= Hakudō Kobayashi =

Japanese artist

Hakudō Kobayashi (小林はくどう, Kobayashi Hakudō; July 2, 1944) is a Tokyo-based artist working in video and sculpture. He is best known for his work as a promoter of citizen video work. Kobayashi is also Representative Director of the NPO Shimin ga Tsukuru TVF (Community-made TVF) which runs the annual Tokyo Video Festival. He taught at Seian University of Art and Design from 1992-2010.

== Biography ==
Kobayashi was born Kobayashi Hiromichi (an alternate reading of the characters in his name) in Sendai City, Miyagi Prefecture, Japan in 1944. He moved to Tokyo to attend Tama Art University, graduating from the Department of Oil Painting under Yoshihige Saitō in 1967.

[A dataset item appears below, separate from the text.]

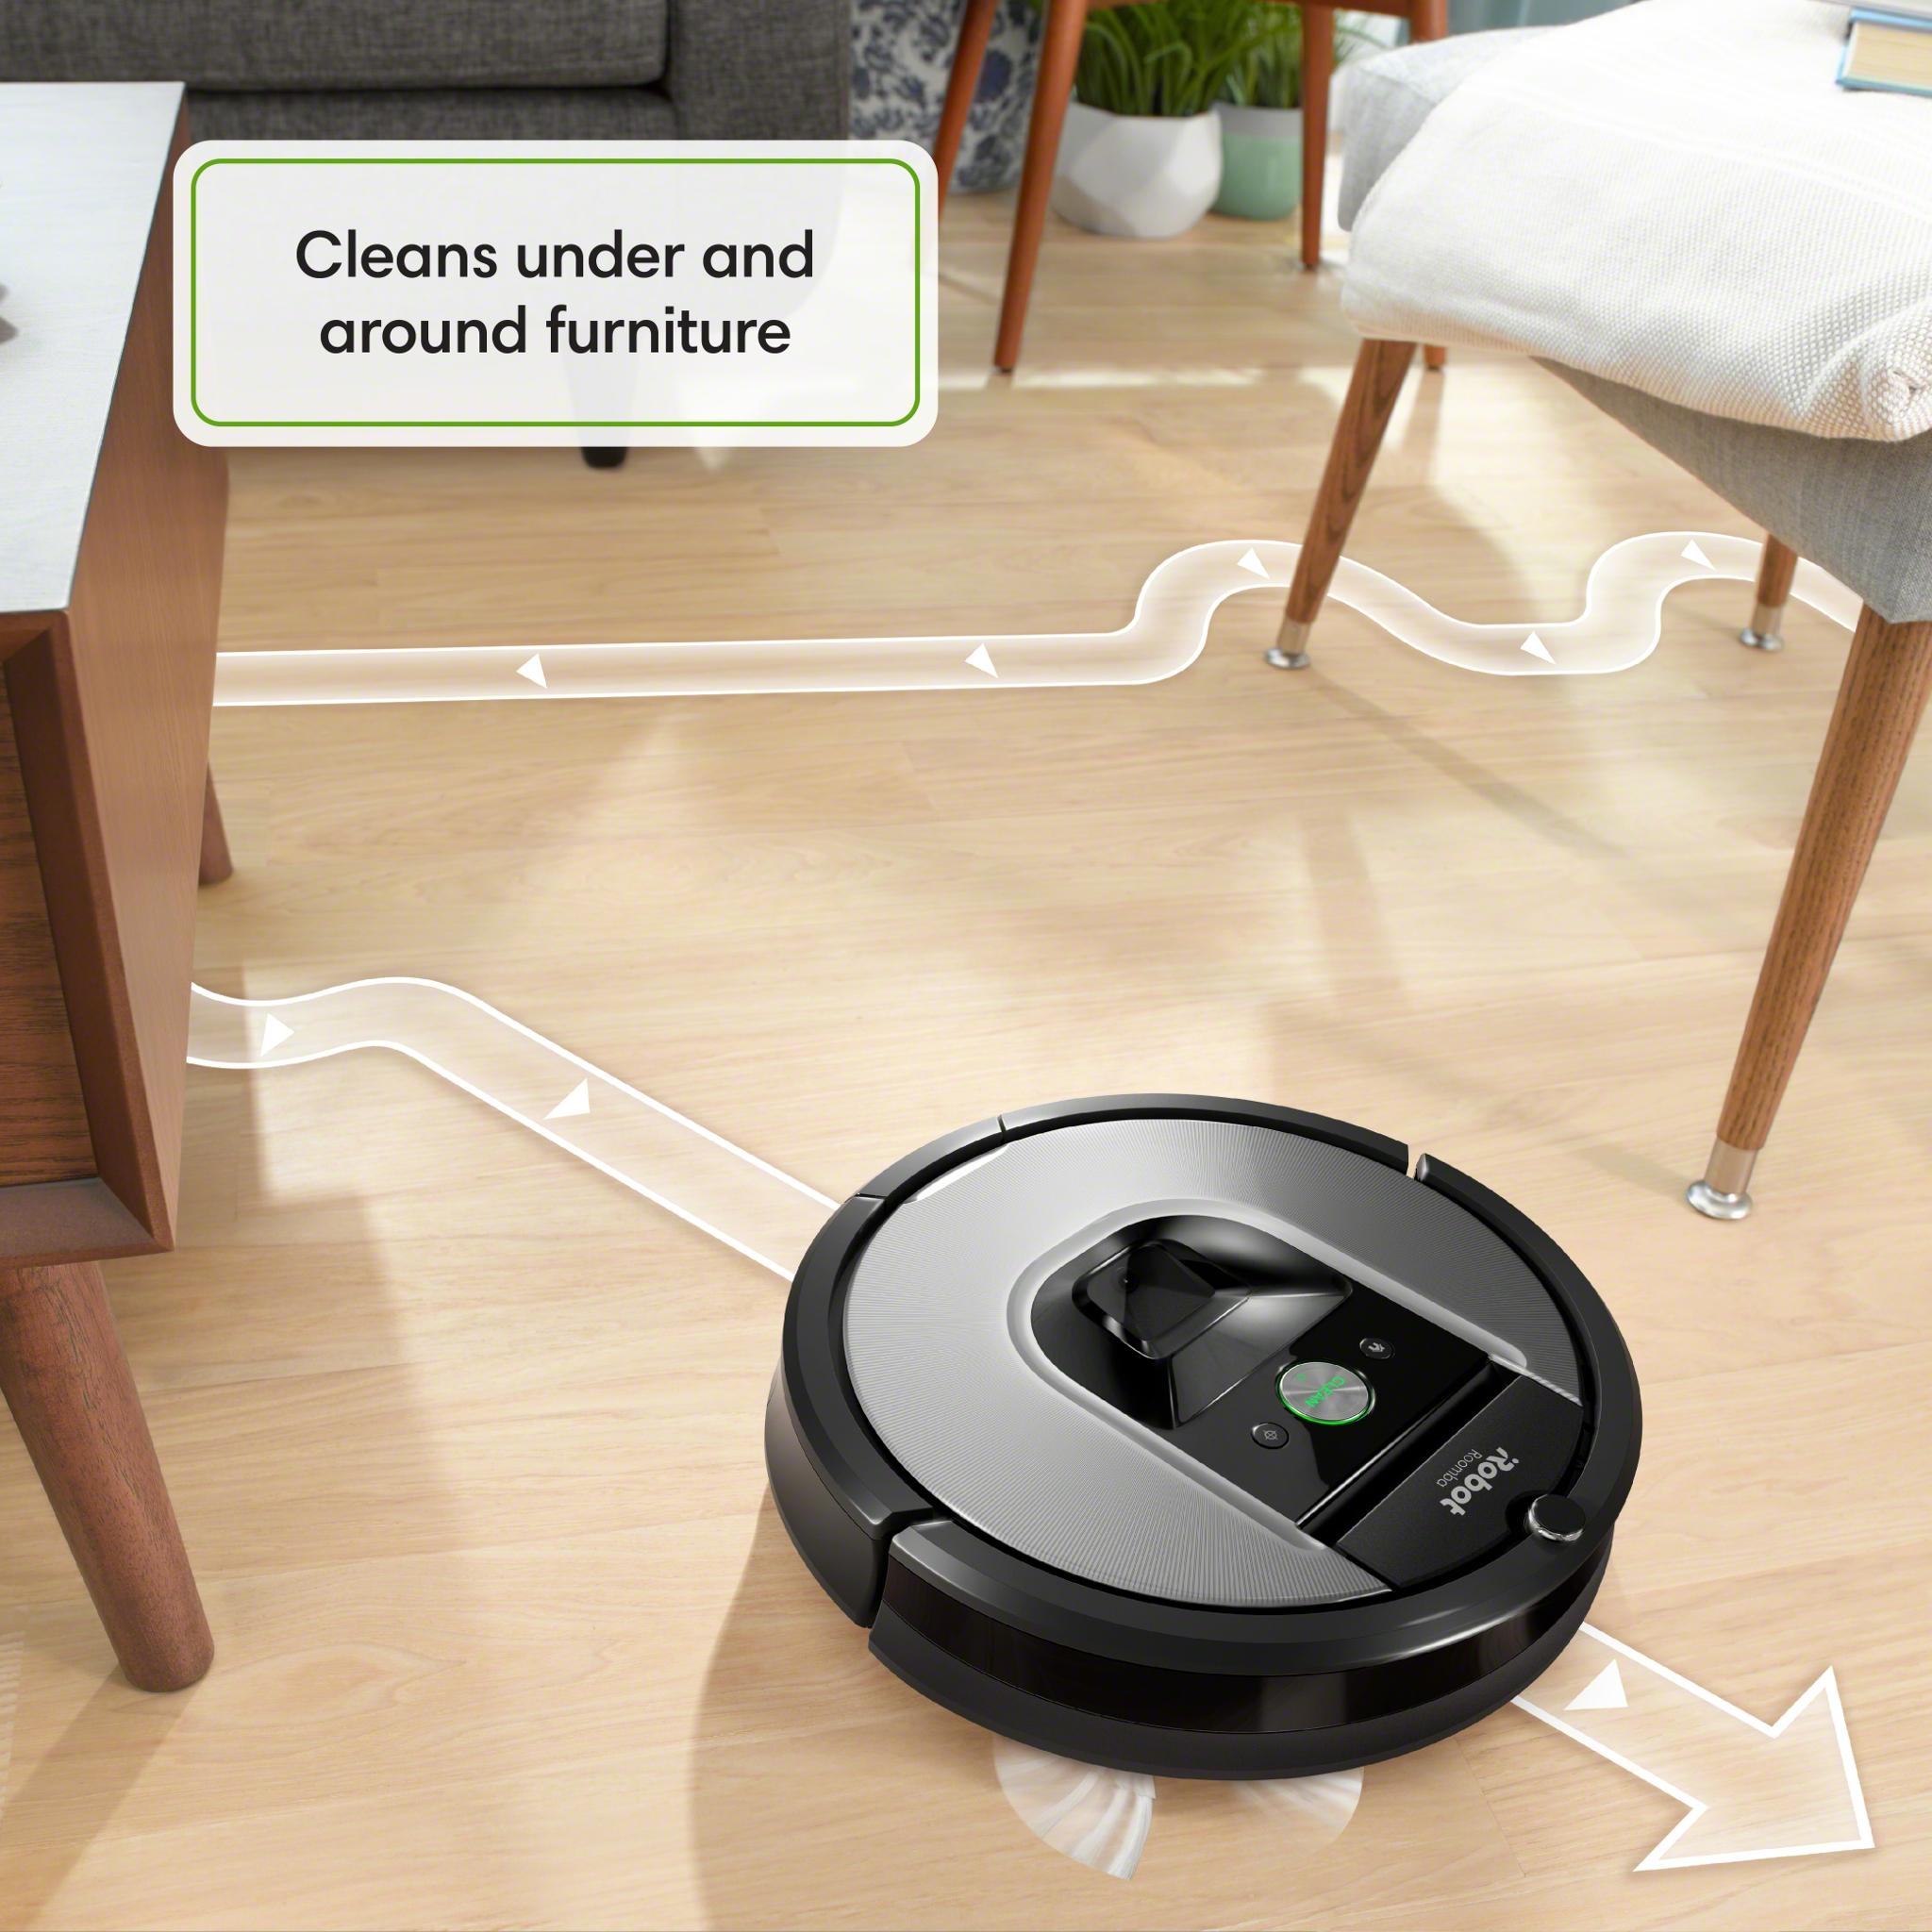 iRobot Roomba 960 $399.99 + Free shipping Amazon

In the leadup to Expo '70, Kobayashi worked with Goji Hamada, Kazuo Kawasumi, Masanobu Yoshimura, Yasuharu Yukino, and Tanaka Norio as the design firm Kantsū (Penetration), which produced the ABAB Akafudado store in Ueno, and a collaborative project at Expo '70, among other projects. Kobayashi and Kantsū also worked as part of Masanobu Yoshimura's team producing ravens and other objects for the Textiles Pavilion at Expo '70].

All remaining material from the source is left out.